《桃凋榴盛》 著晰 战鼓擂起,旗舞兵扬。

屹厥连年来犯,薛大将军带兵上阵杀敌数万,驱逐在城池外驻扎的屹厥军队在前,后又领兵攻破了敌防城垒,杀将首,破城池,实此丰功伟绩。

战乱平息,皇帝大悦,速召薛哉胤回合昱领赏。

途经泺源城时,已是夏意浓浓。

“哇哇”“出来了,出来了!”“是个姑娘!”,薛哉胤渡步门外,听罢刚想扣门,门就被推开,里面走出了个丫鬟,怀中抱了个襁褓,笑着道:“将军,是个女孩,虽未睁眼,但一眼就能看出是个美人胚子,将军有福。”

薛哉胤皱着的眉微松,看了看襁褓中的胎儿,沉着激动道:“堰儿怎么样了?”

丫鬟看着怀中的胎儿:“夫人虽没事了,但是因水土不服,加上夫人体虚,还需调养几日。”道完,便高兴地递出怀中的胎儿,薛哉胤接过胎儿,踏入房中。

“堰儿,身子怎么样了?有没有不舒服?”薛哉胤抱着怀中的胎儿坐在床边,望着姜堰,“已无碍,让我看看孩子”姜堰缓缓起身,薛哉胤扶着她,将怀中胎儿一亮:“是个美人胚子,像你。”姜堰欣慰缓声道:“眉眼也随你,那我们予她什么名字?”

“等她长大了,让她自己想,先叫字吧!”薛哉胤朗声道。

“那就是没想好咯,我倒是想好了,取纸墨来”姜堰示意一旁的丫鬟,“我道你写,可记清楚了。”

薛哉胤舒纸提笔:“夫人请讲。”

“微雨过,小荷翻。榴花开欲燃。予名榴燃,”

“首夏犹清和,芳草亦未歇。你觉得是字清和,还是字未歇?”

“字著晰”薛哉胤顿笔道。

姜堰看向他手下的纸:“为何?”

“等她长大,自然就明白了。”

——

“合昱到了!”车夫喊道。

合昱是烨祁的皇都,天和景明,盛世芳华,人民安乐。

“堰儿,著晰,合昱到了!”薛哉胤掀帘探头看向车内,姜堰笑吟吟地摇了摇怀中的可爱女娃:“小著晰,到合昱喽!你父亲是大功臣,要领赏喽!”,女娃也傻乐着:“哇啊阿嘿”。

皇宫内,祁铭殿内。

“爱将,听闻你来时路上贵夫人生下一女,可予了字名?”萧滂身为皇帝,却也与臣同为,与民同乐,是一代明帝。

薛哉胤答之:“小女已取名为榴燃,字著晰。”

萧滂乐道:“好名,甚好!可是贵夫人起的?”

“正是”薛哉胤笑答。

“庆爱将得一女,赐小满坊一宅院,赐字牌薛府,黄金万两,锦布十卷。近日莱阑国来访,那对榴斐双环也当朕的一番心意了,”

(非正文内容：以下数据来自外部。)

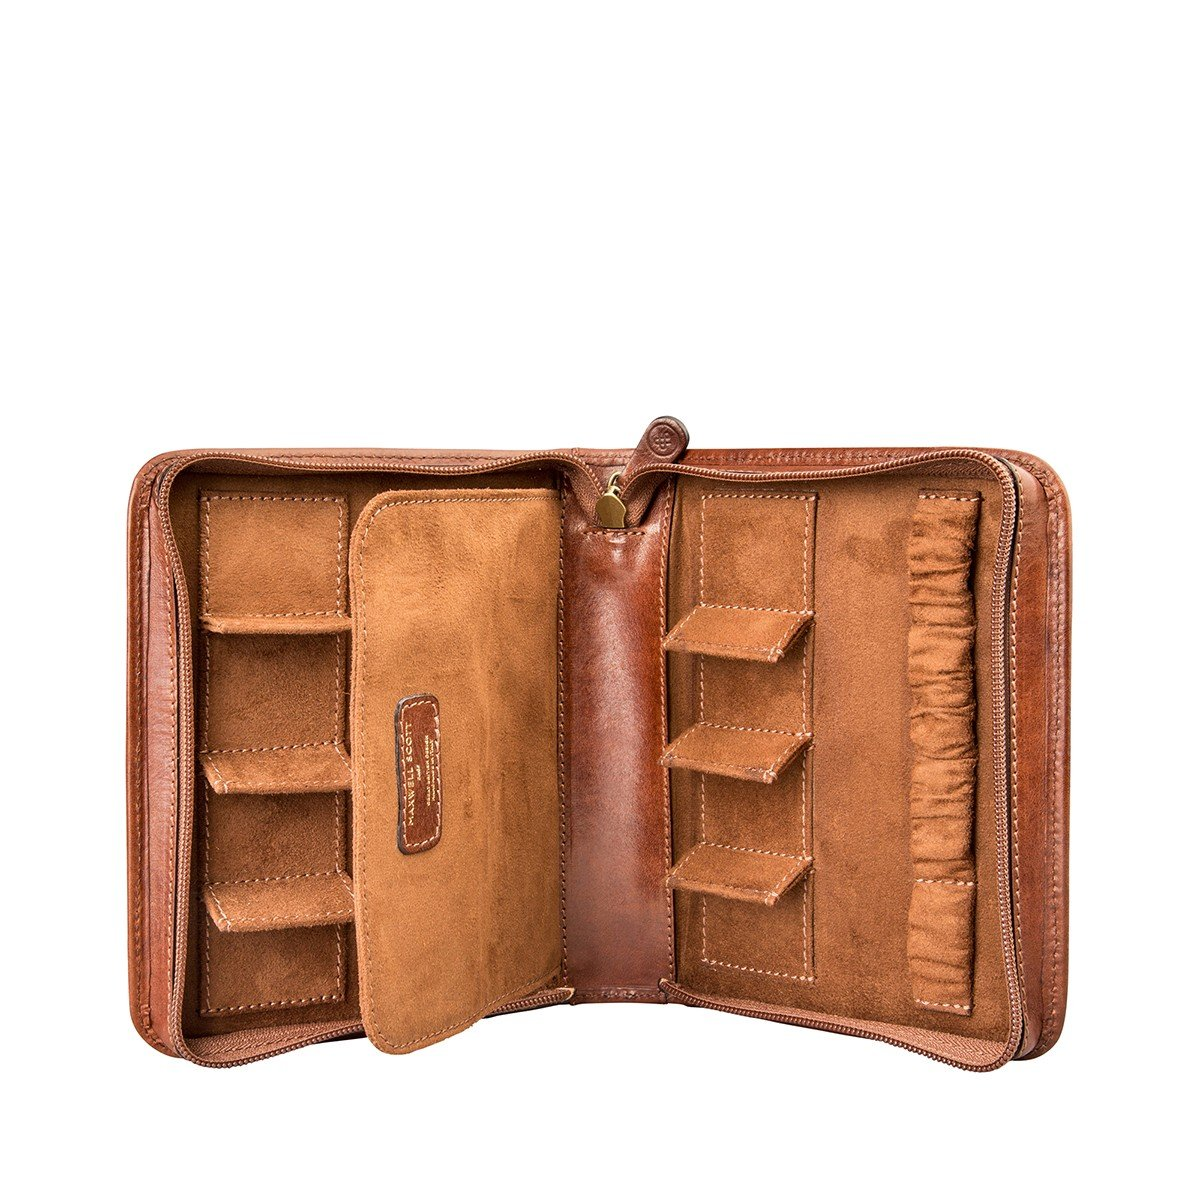 Maxwell Scott Bags® Cognac Braune Leder Uhrenschatulle (Atella)

“近昔边塞相安无事,你可与家人在合昱安居,等小女垂髫了再回也不迟。”

薛哉胤受宠若惊:“谢陛下恩赐。”

从此,薛家就在合昱安居了。

——

“薛将军,恕老奴多嘴,小女心性顽皮,上门求歉的人把门锁都敲坏了,将军你看这该......”

“谦管事,甭你操心。这小女刚到金钗之年,懂的尚且不多,难免会做出一些意气之事。”薛哉胤笑了笑。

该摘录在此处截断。